Steven ainda pensando no que havia acontecido no passado, quando eles ainda estavam começando a criar barba e Henry Johnson, seu mais antigo amigo, havia se engraçado com sua namorada. Apesar de ele ter visto os dois juntos, sempre teve o pressentimento de que havia alguma coisa errada nessa história.
- E então, Steven, está na hora? - perguntou Clint, sem conseguir disfarçar a ansiedade na voz.
- Se não estiver, quero que um raio parta a puta da minha mãe no meio. - Respondeu Steven, atiçando Dash com as esporas e dando um sorriso do tipo que faria o mais bravo dos Sherokees pensar duas vezes antes de levantar o tacape contra ele.

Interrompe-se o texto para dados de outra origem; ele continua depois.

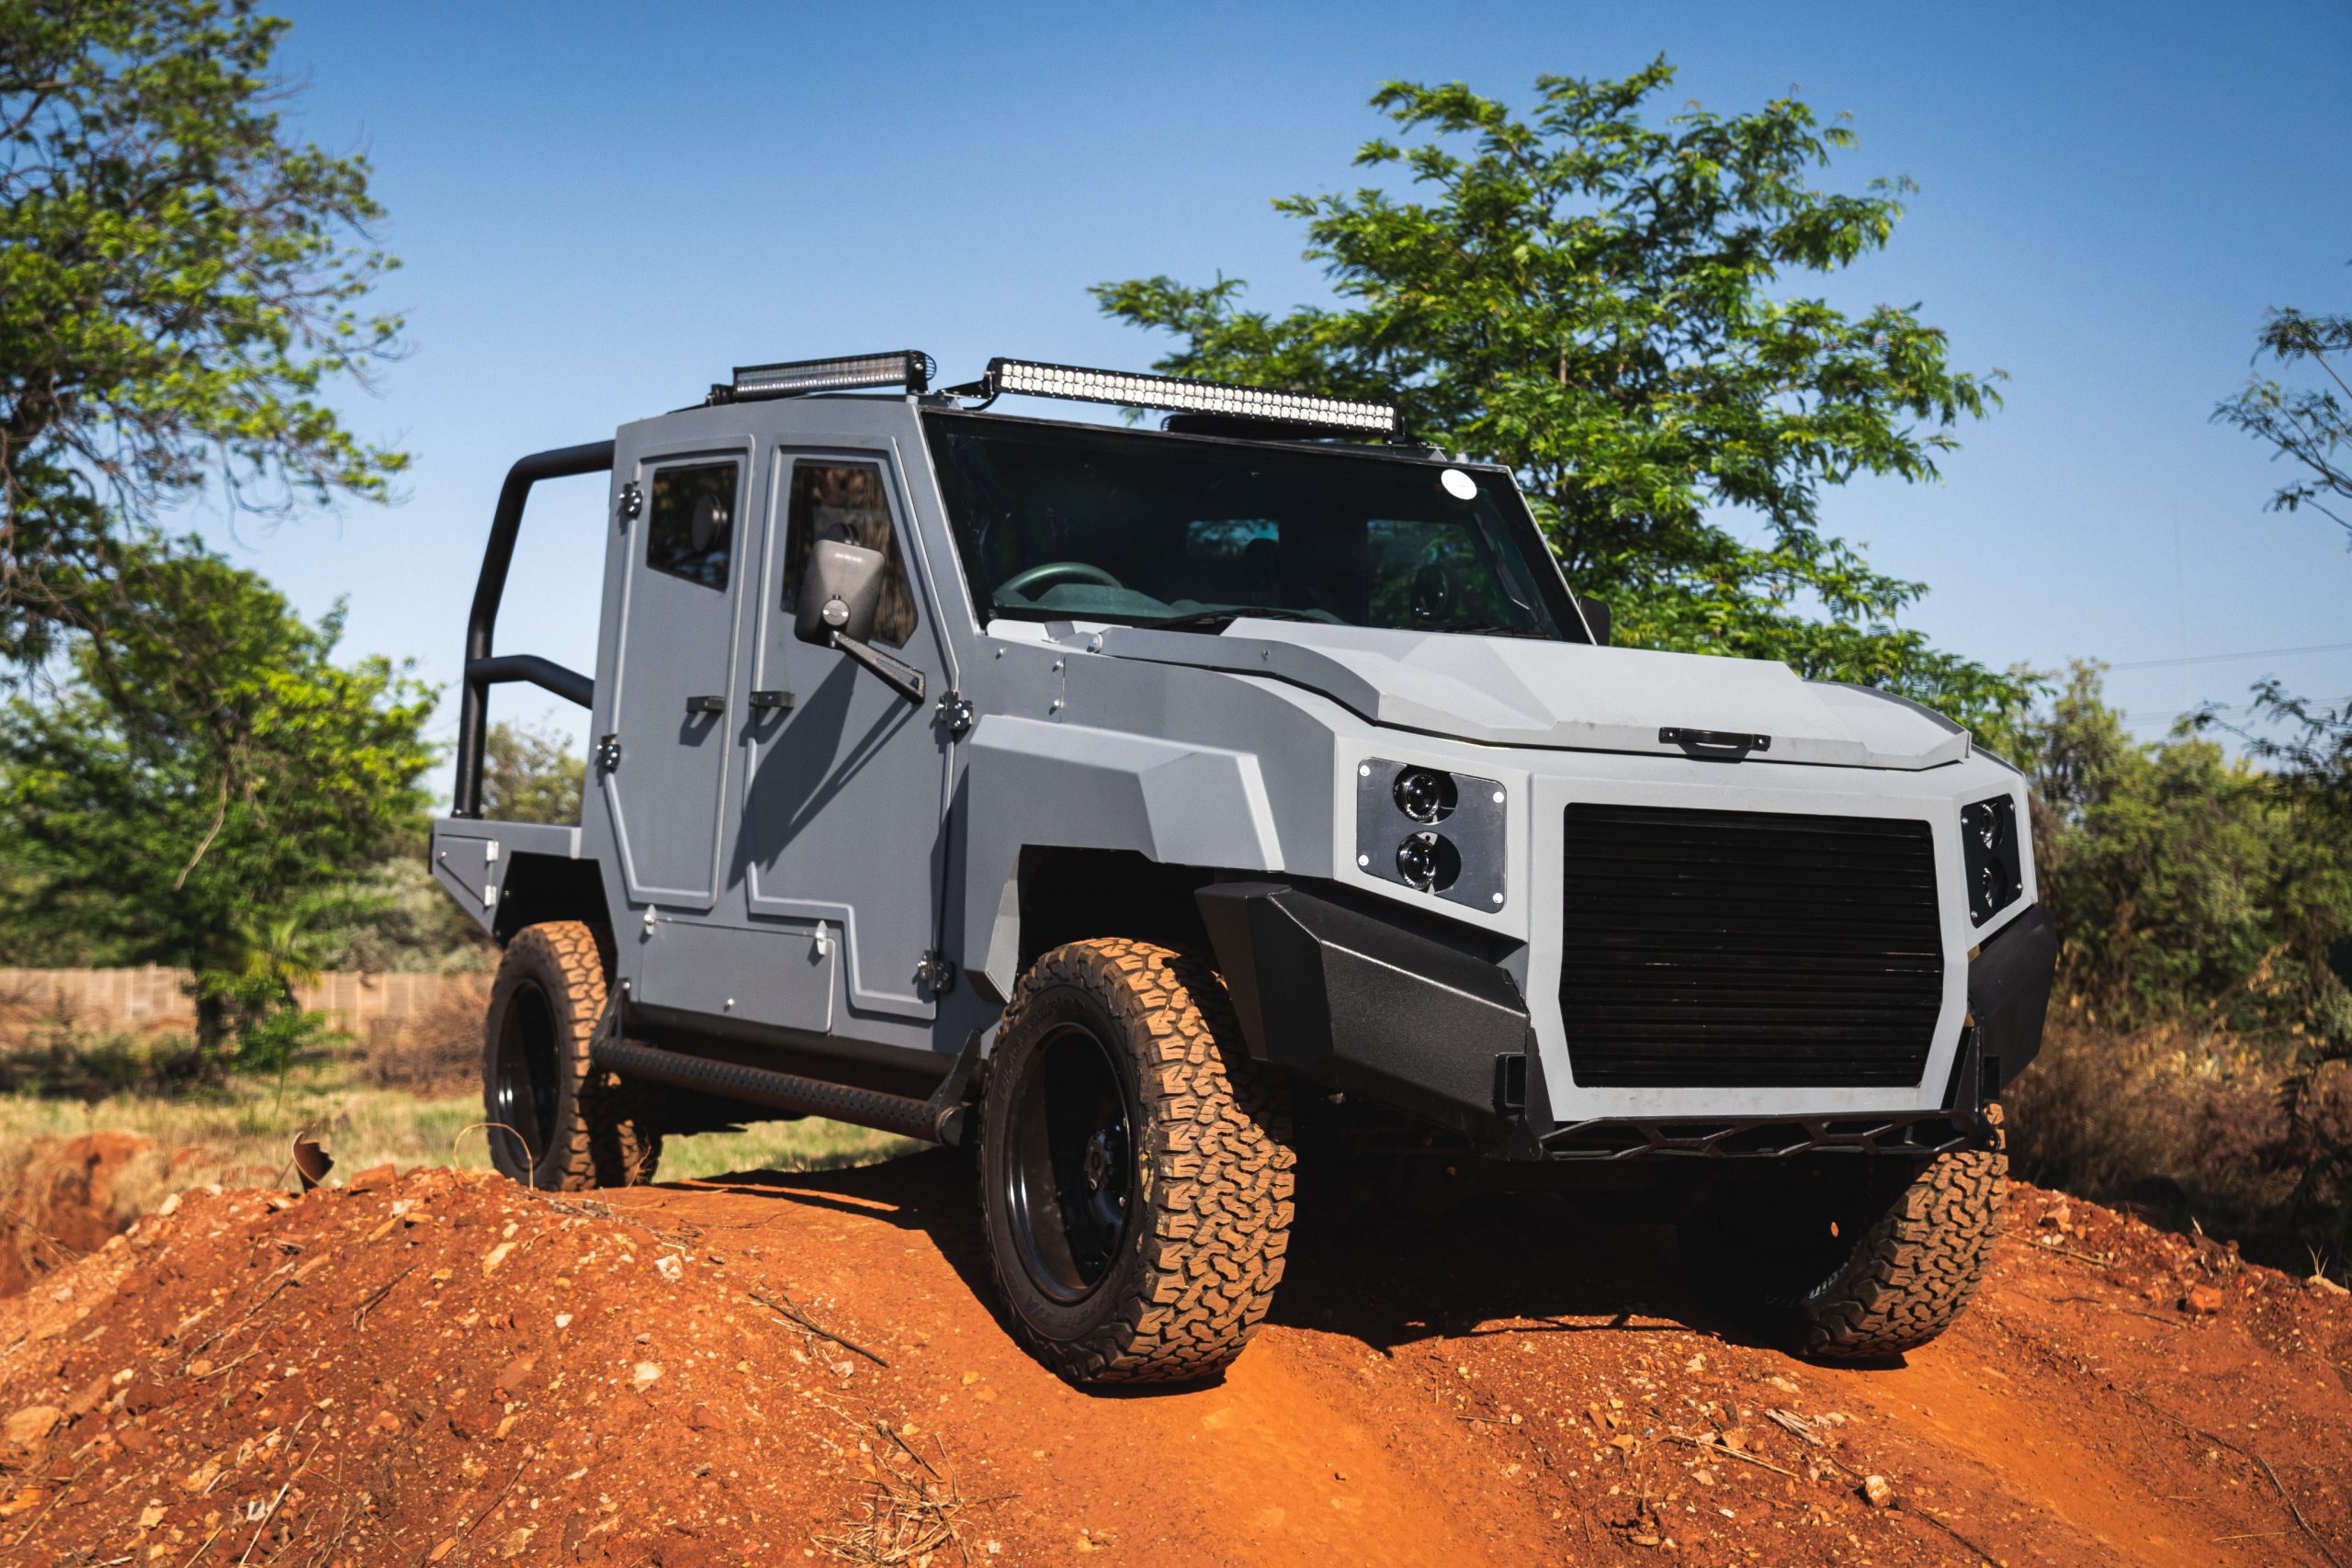 Check out this SA built armoured bakkie

  Steven e seus companheiros tinham uma missão. A missão consistia em emboscar o comboio que, segundo informações, passaria a oeste de Canetown e, com a ajuda de alguns pistoleiros da confederação, descobrir se o comboio apoiava Lars, o fora-da-lei, e o que eles transportavam.
  Tudo correu bem, eles ficaram de tocaia durante 20 minutos, e quando o comboio, com mais ou menos 25 cavaleiros, passou por eles, eles entraram em ação. O problema foi quando a coisa começou a dar errado e as mortes começaram a acontecer.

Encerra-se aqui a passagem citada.